So, what have we got? A civilian ammunition shortage that is *BEYOND STATISTICAL EXPLANATION*, largely contrived, and the covert result of deliberate corporate mismanagement. These created and largely artificial problems include: difficult acquisition of resources, haphazard production planning and scheduling, followed by consequently sporadic product manufacture, and final distribution. Do I, personally, expect this situation to improve? No, I do not. In fact I expect things to get a whole lot worse BEFORE they get better; and I'm fairly well certain that, 'the really big money' is betting with me on this.

*INTERESTING READING:*

http://www.infowars.com/weapons-manufacturer-big-sis-attempting-to-exhaust-ammo-supplies/

http://pjmedia.com/blog/nationwide-ammunition-shortage-hits-us/2/

*NOTES:* If I might wax philosophical for a moment. Perhaps the only way humanity-at-large is ever able to truly learn anything is through what history most often calls, ' the dialectic conflict of opposites'. (The Socratic Method) If the given premise is that, 'Mankind is incapable of honest self-government.' then the idyllic ideation behind the manifest concept, itself, must be established as being thoroughly self-validating in order for the stated premise to be true. The battle is, then, not physical, not intellectual, nor academic. The real battle is spiritual - Spiritual!

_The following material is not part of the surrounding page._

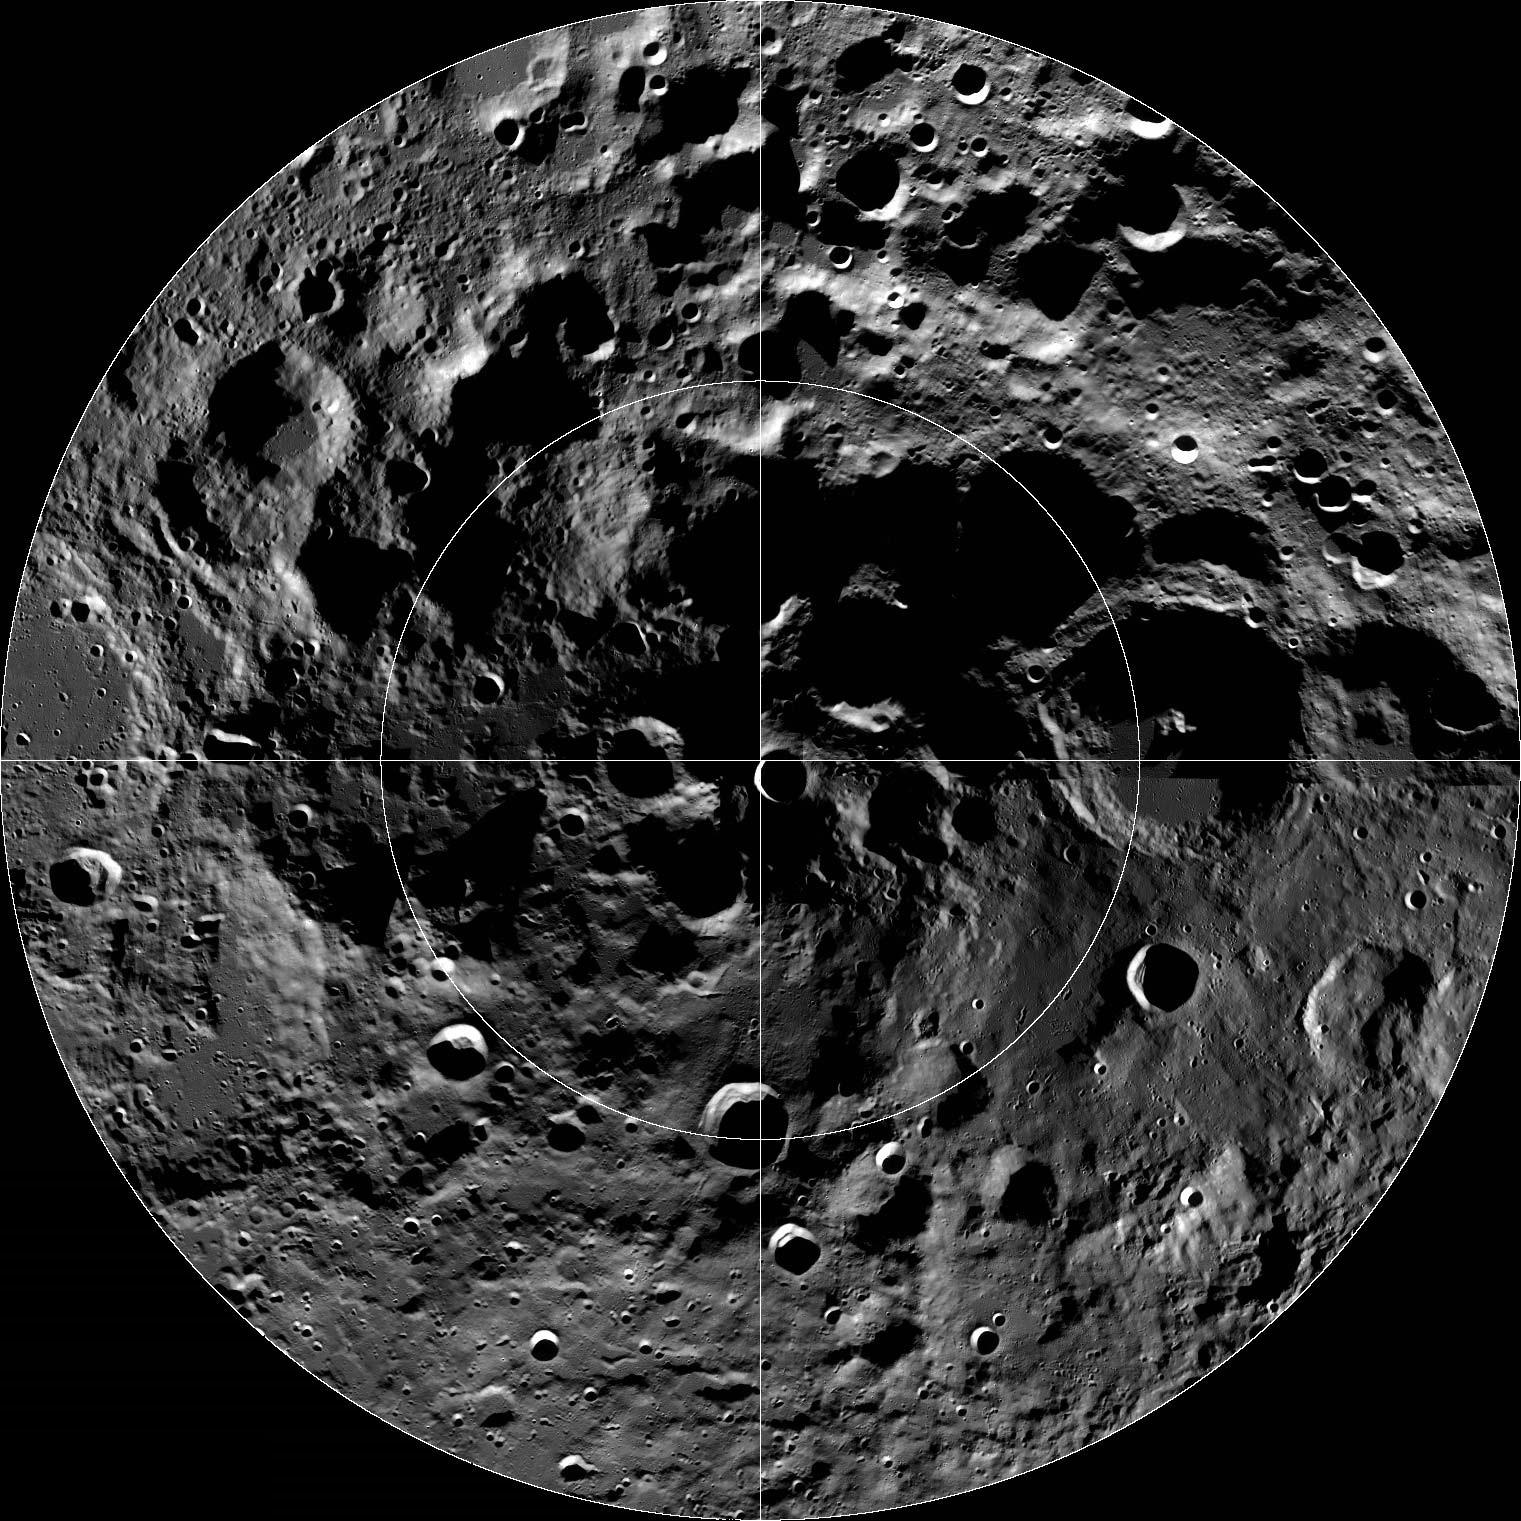 LROC Wide Angle Camera (WAC) mosaic of the lunar South Pole region; about 600 km width. Credit: NASA/GSFC/Arizona State University.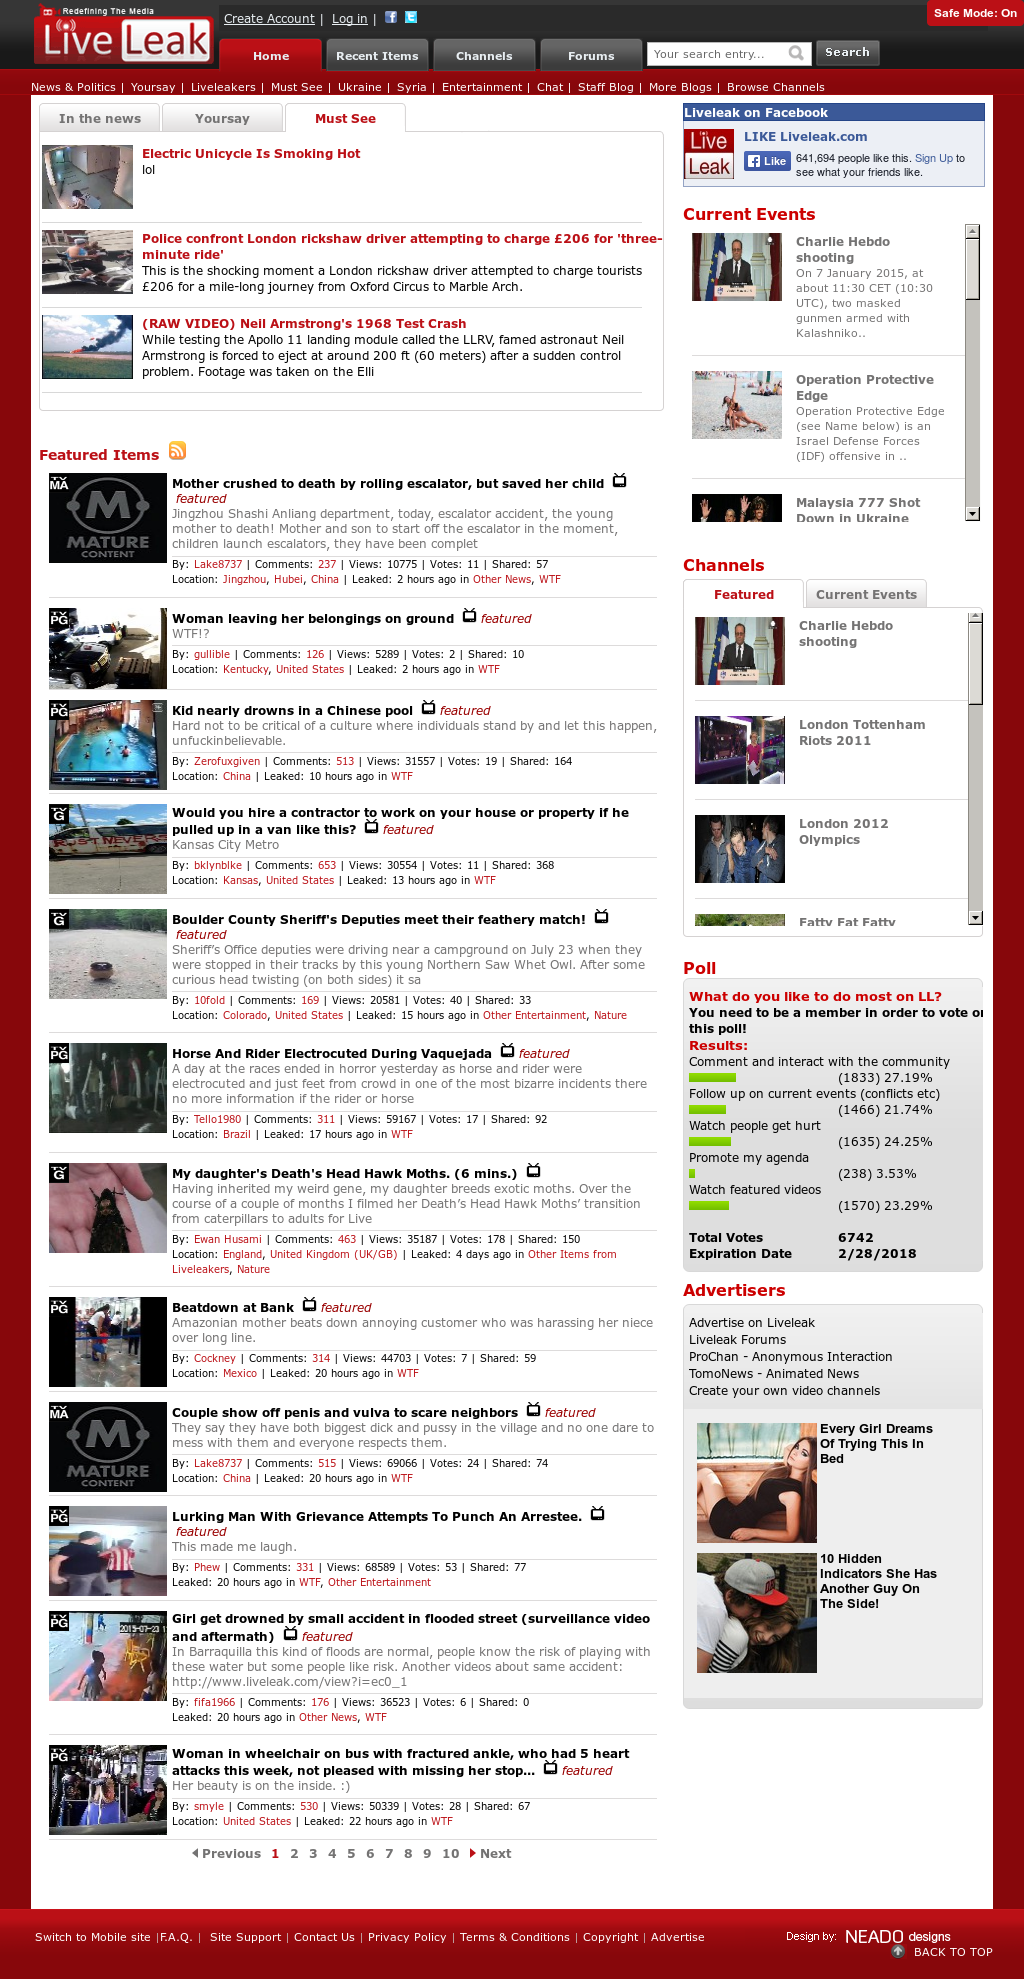 Liveleak Competitors, Revenue and Employees - Owler Company Profile

What does this mean? It means that the achievement of, 'honest UNIVERSAL self-government' must, of necessity, involve great human suffering; and some of that suffering might very well be personal. (As personal as it is unavoidable.)

Have you ever read the biblical Book of Revelation, and pondered to yourself, 'Why' all human affairs have to end in such savage turmoil and bloodshed? 'Couldn't God, in His omniscience, conclude the affairs of an (admittedly) evil world in another, more peaceful and less injurious way?' My own conclusion? God, in His wisdom and magnanimity, allows His creation to exhibit a certain free will - Which implies an inherent freedom for mankind to rebel.

Free will, for its part, exists in two principal forms: collective, and individual. From a universal perspective, if mankind's collective free will remains strongly antithetical to God - even to the absurd extent of doubting His existence - then the concomitant extent of human suffering necessary to, '*right what is actually a universal wrong*' also has to increase exponentially.

Just like cancer cells in the body, human suffering will continue to expand until the greater collective spirit ultimately becomes broken, and - faced with unmitigated agony - any associated, but rebellious, free will finally relents. (Kind 'a like a child repeatedly sticking his hand into the fire until he just can't stand the pain, anymore, and finally decides never to stick his hand into the fire, again!)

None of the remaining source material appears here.